En la oposición entre amigo y enemigo que plantea Schmitt, si bien podemos encontrar resonancias de la oposición entre extraño y familiar que se juega en la topología de lo siniestro, en la angustia y en lo extimio, que conjuga en banda lo más íntimo con lo más ajeno, lo más extranjero, en la oposición schmittiana se trata de otra cosa. Pero aunque no es lo que parece querer plantear Schmitt, lo que caracteriza principalmente al enemigo según él, es justamente su extranjeridad: “el enemigo es simplemente el otro, el extranjero (der Fremde) y basta a su esencia que sea existencialmente, en un sentido en particular intensivo, algo otro o extranjero, de modo que en el caso extremo sean posibles con él conflictos que no puedan ser decididos ni a través de un sistema de normas preestablecidas ni mediante la intervención de un tercero “descomprometido” y por eso imparcial”. (p.177)

Pero para Schmitt el enemigo público es el hostis, no el inimicus: hostis es aquél con quien libramos públicamente una guerra que siempre es política; y se diferencia del inimicus, que es el enemigo personal con quien tenemos odios privados.

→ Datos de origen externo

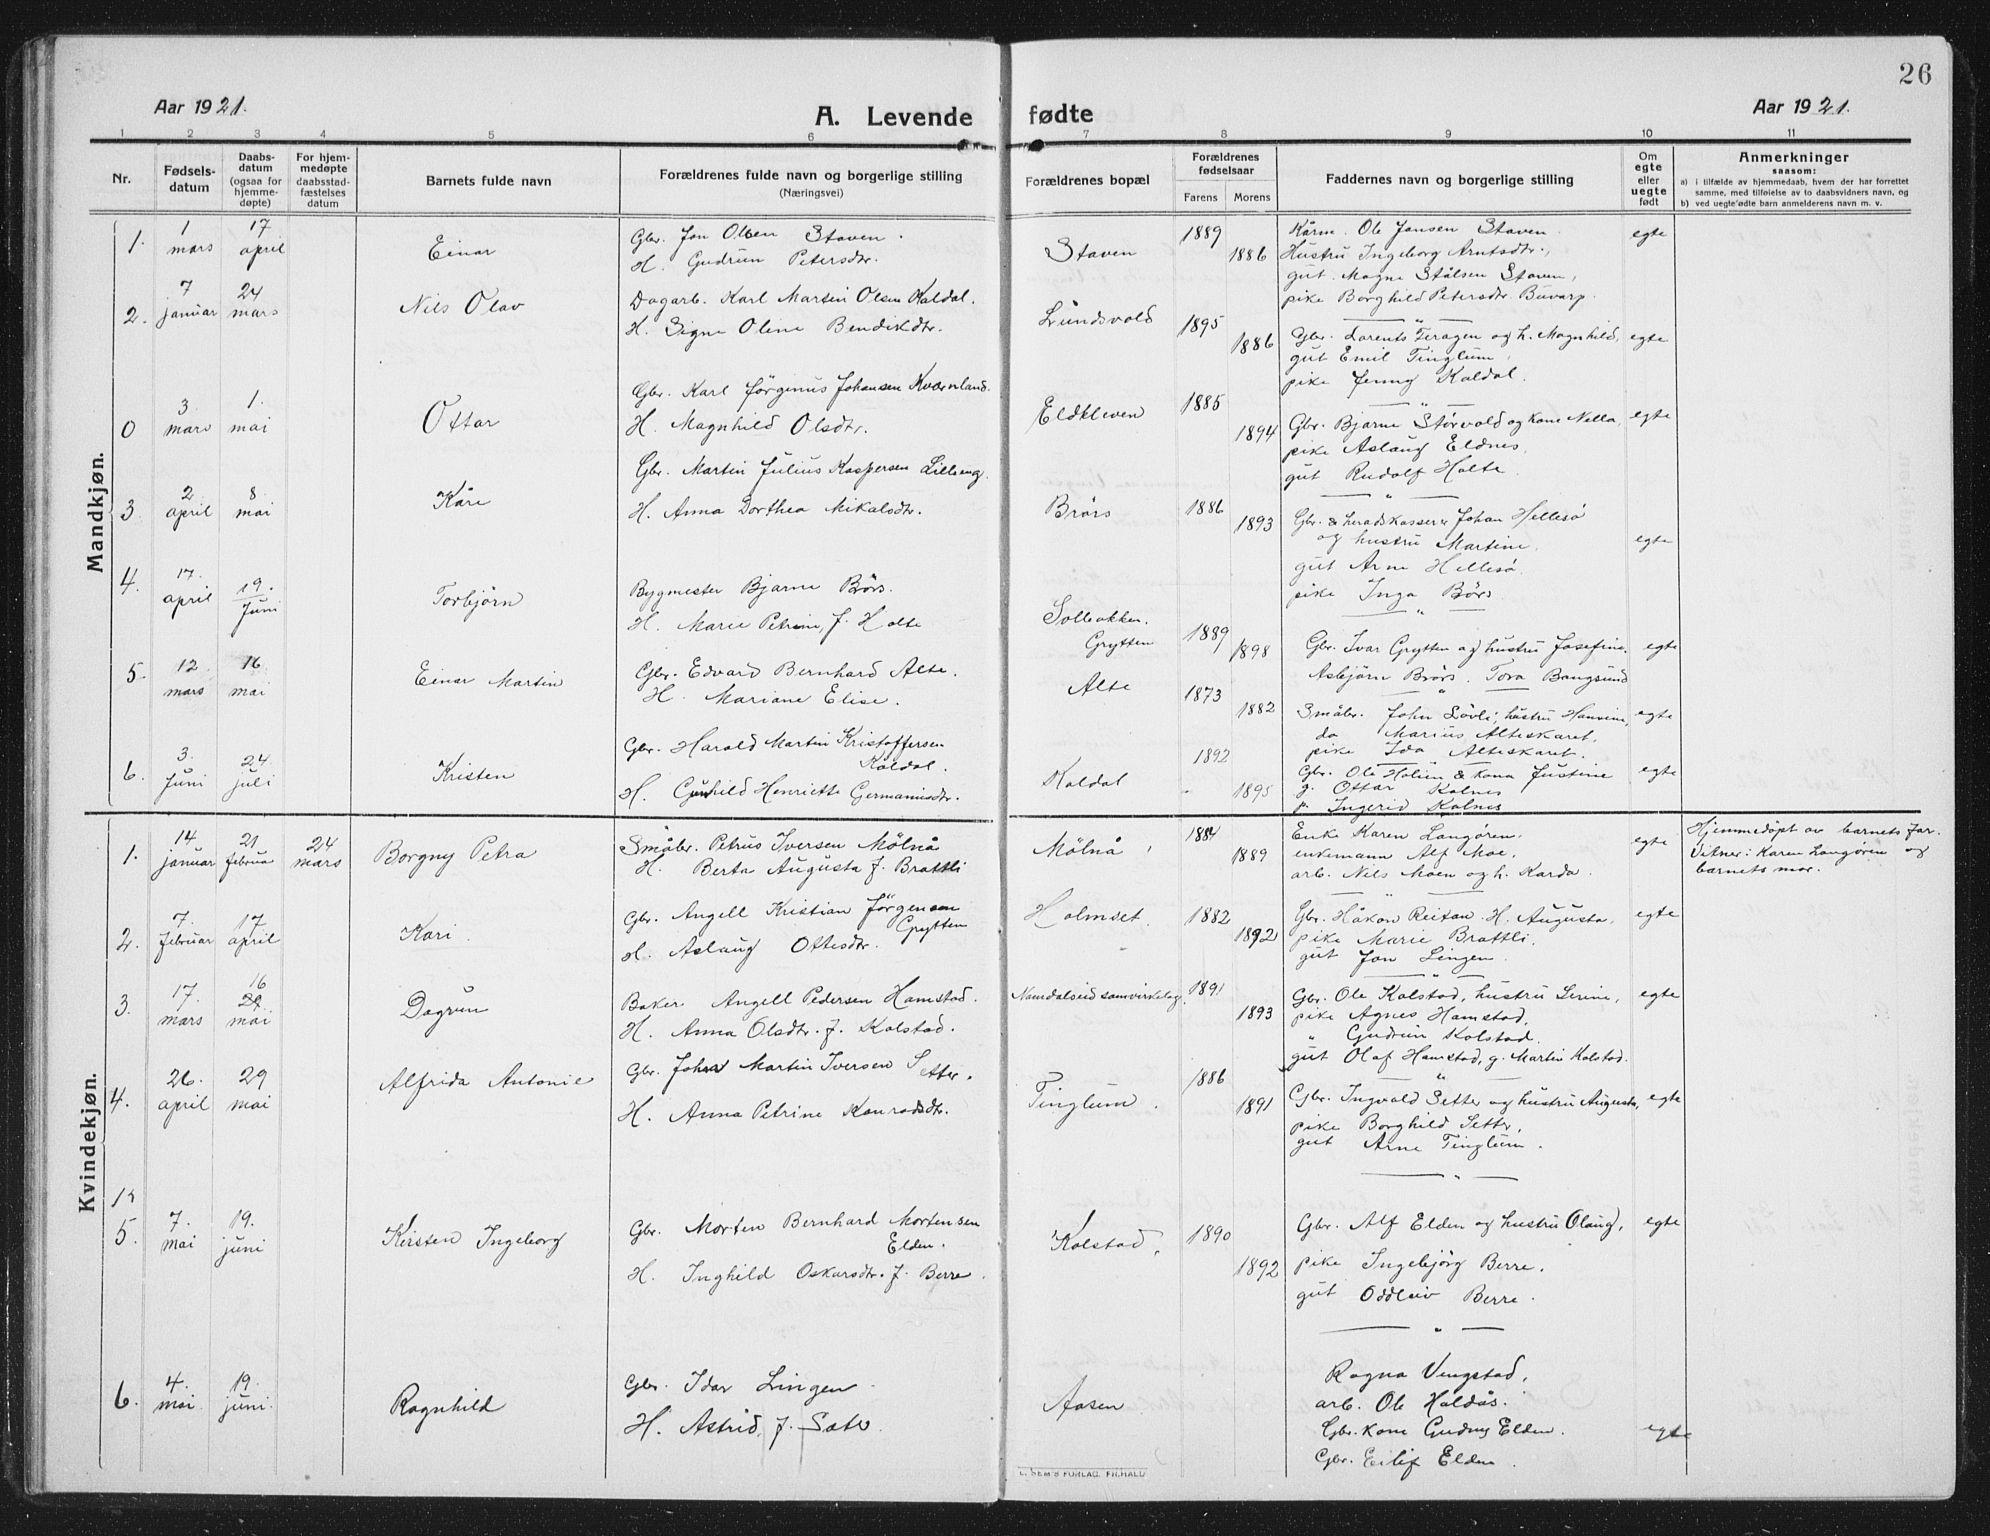 SAT, Ministerialprotokoller, klokkerbøker og fødselsregistre - Nord-Trøndelag, 742/L0413: Klokkerbok nr. 742C04, 1911-1938, s. 26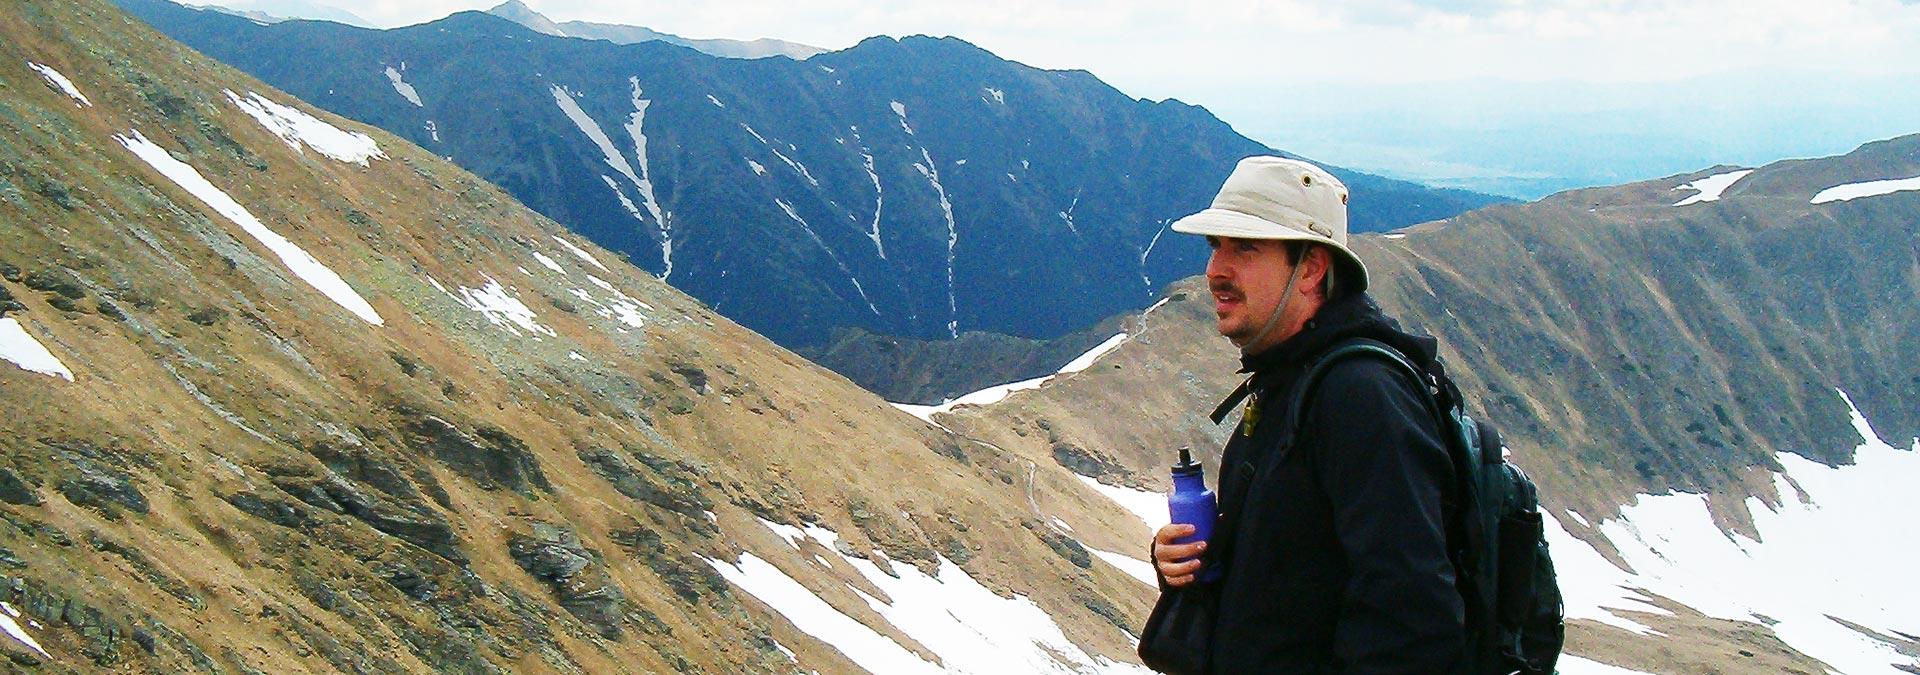 Hiking Holiday in Western Tatras, Slovakia Travel, Location

Inimicus es aquel que nos odia y nos quiere destruir, mientras que hostis es el rival político que nos combate en la arena política, y aunque esa lucha política pueda llegar a la guerra y a la muerte, es siempre política y nunca personal. (p.179)

Se podrían hacer consideraciones topológicas sobre el laberinto y la seguridad o la inseguridad que provee la angustia, que funciona como un ocho interior en tanto borde de una banda de Moebius, que parece encerrar pero no encierra, que parece asegurar pero no asegura, o bien, que hace a que, de golpe, en un instante, se pueda pasar de sentirse seguro a sentirse completamente inseguro.

Hace algunos años, en un seminario de la Fundación del Campo Lacaniano, hablábamos de La seguridad de la angustia, mostrando el carácter paradójico de la relación entre la seguridad y la angustia. Y es que la seguridad es una inseguridad, mientras que muchas veces es la inseguridad la que tiene por fruto una mayor seguridad. Freud termina De guerra y muerte citando un viejo apotegma: Si quieres conservar la paz, ármate para la guerra; para enseguida proponer otro en la misma línea: Si quieres soportar la vida, prepárate para la muerte. Y siguiendo en esta línea podríamos decir un tercero: siéntete inseguro si quieres estar más seguro; y ¡ojo!, pues cuanto más seguro, más inseguro!”.

En De guerra y muerte, Freud se muestra dividido. En la primera parte, La desilusión provocada por la guerra, se espanta ante el hecho de que la guerra nos descubre el escándalo de que (XIV, 281), si el Estado prohíbe recurrir a la injusticia no es porque quiera eliminarla, sino porque tan solo pretende monopolizarla. Por otro lado, en ese mismo texto, Freud habla, en relación con la guerra, de angustia social (p. 282), para subrayar que no es verdadera angustia porque desaparece toda vez que la comunidad suprime el reproche y le permite al sujeto lo que antes le estaba prohibido. En la segunda parte, en Nuestra actitud ante la muerte, así como en Lo transitorio o Lo perecedro, que es de la misma época, sin llegar por eso a hacer un elogio de la guerra, sí es patente que elogia la transitoriedad y el valor que le otorga a las cosas el hecho de que puedan desaparecer o ser destruídas, es decir, el valor que la muerte le otorga a la vida.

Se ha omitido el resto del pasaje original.